The dinosaurs of the Helvetiafjellet Formation are not normally found as fossils in the limestones; rather, they are discovered as remarkably preserved tracks and footprints. The trackways belong to possible ornithopods and theropods, and are dated to the Cretaceous period, from 145 to 66 million years ago. The trackways were first found in 1960. One species found is the genus Caririchnium; possibly the species C. billsarjeanti and C. burreyi. These are small to medium sized ornithopods, and have been found in North America and Eurasia, and mainly are known from their tracks. These tracks were found in Barremian-layer sandstone caused by the dinosaurs crossing the formation on the Barents Shelf during the Hauterivian-Barremian period (a period in geologic time between 125.77 Ma (million years ago) and 121.4 ± 0.6 Ma), when the formation acted as a land bridge between North America and Eurasia. Another set of tracks, measuring 50-60 centimeters long and with equal width, were found in 2006, and while no proper identification has been named, the tracks used to be thought to belong to Iguanadon for a time.
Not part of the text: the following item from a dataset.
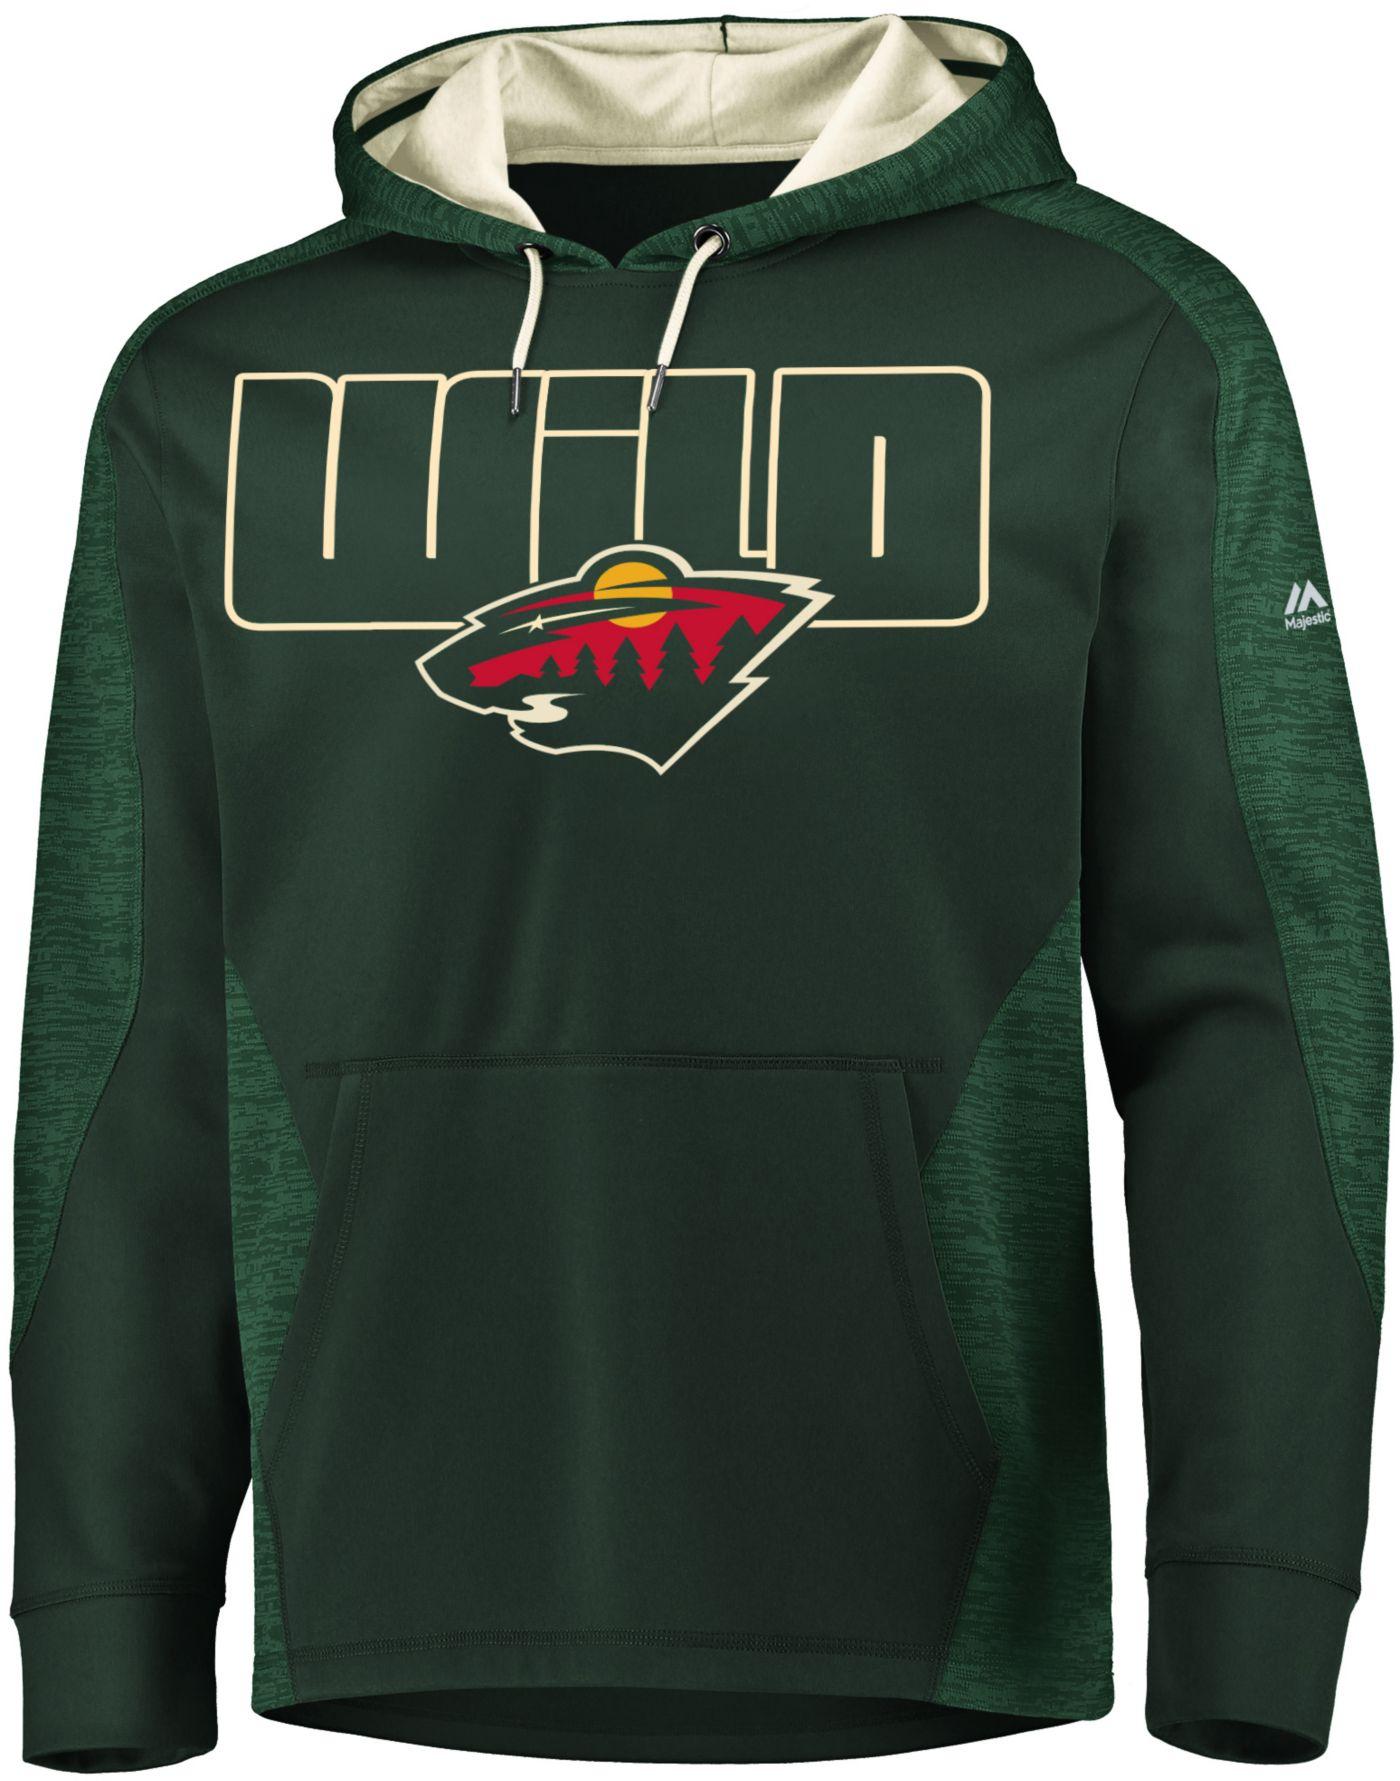 Majestic Men's Minnesota Wild Armor Green Hoodie

However, actual fossils of other organisms have been found, including marine lizard and fish remains, fossils of plants that show they lived in a humid, warm-temperate climate, and a rare femur from a prehistoric bird has been found, measuring 0.4 cm wide and 4 cm long, was found on Schønrockfjellet on the east coast of Spitsbergen.

== Economic implication ==
In the Early Cretaceous, Svalbard was situated around 63°-66° N as part of a large circum-arctic platform. Fossil records of coniferous trees, dinosaur tracks, ginko trees and bitumenous coal seams suggest warm climate. However, arctic belemnites, glendonite layers and possibly ice rafted debris have been found in the formation which indicate that at least periodically, polar waters intruded the shallow seas covering the archipelago. The strata represent periodic warming and cooling periods that generated eustatic sea-level variations which affected global circulation patters as the shallow seaways were periodically exposed. One episode of cooling was due to the Aptian ocean anoxic event, that was most likely triggered by LIP volcanism of the Ontong Java Plateau and the High Arctic Large Igneous Province. These events caused significant perturbation in the carbon cycle, influencing climatic conditions.
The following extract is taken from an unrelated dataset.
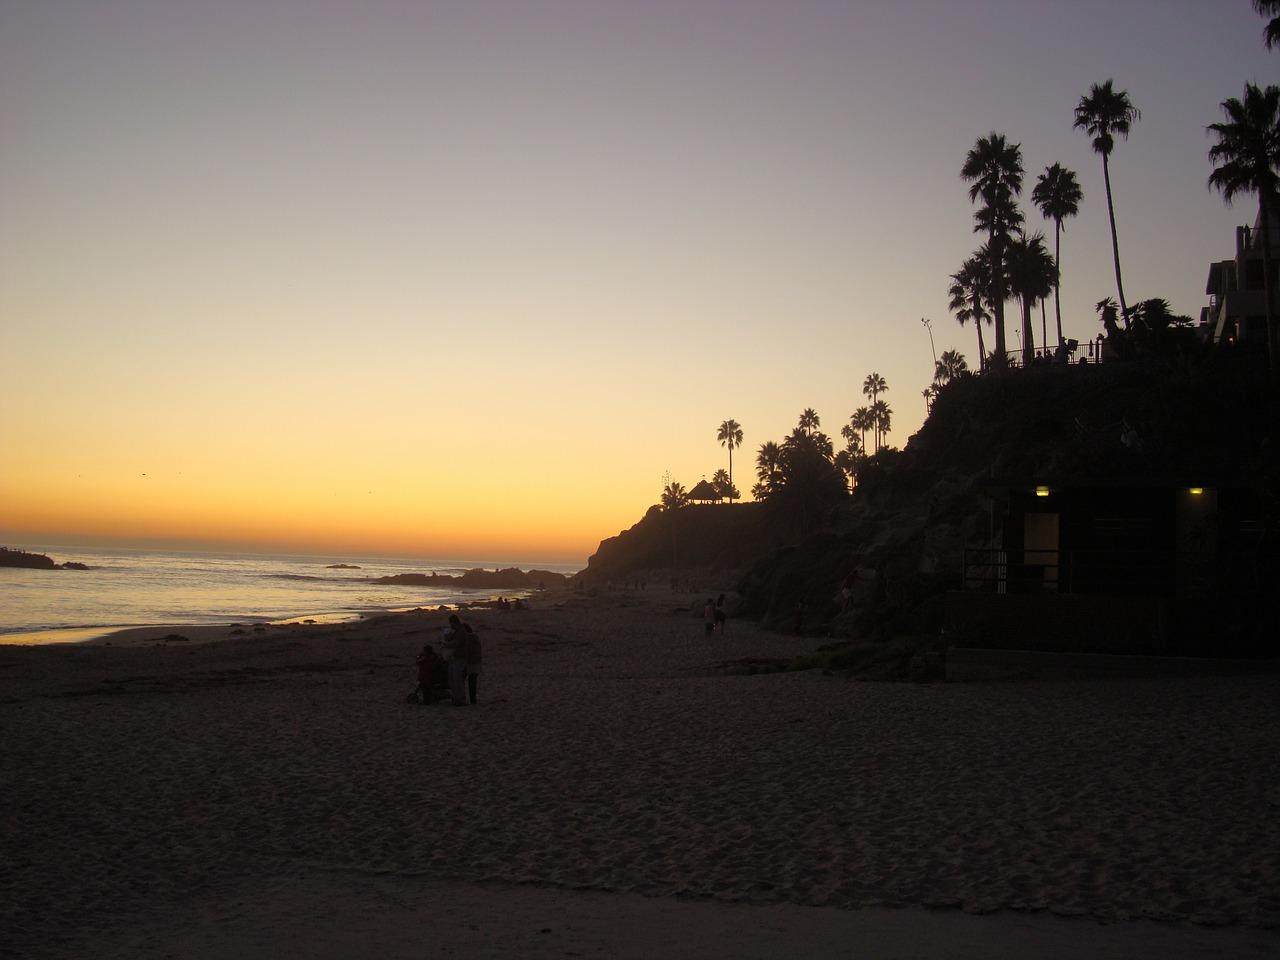 laguna beach sunset.jpg

Coal and coaly shale layers are found in the mudstone and siltstone beds of floodplain and interdisciplinary bay deposits. Coal seams were briefly mined at Advent City and Hiorthhamn in Adventfjorden and at Bohemanneser at the Northern shore of Isfjorden (Svalbard) during the early 1900s. Sandstones of the Festningen Member were evaluated to have CO_{2} reservoir and aquifer potential, but the idea was abandoned because the formation is directly connected to the land surface and to fjords. Vitrine reflective analysis of the coal layers yield R% values up to 1.1, with mostly Type III kerogen as the source organism, making the shales a potential source rock. However, there is no current economic interest in mining the coal and shale content of the formation.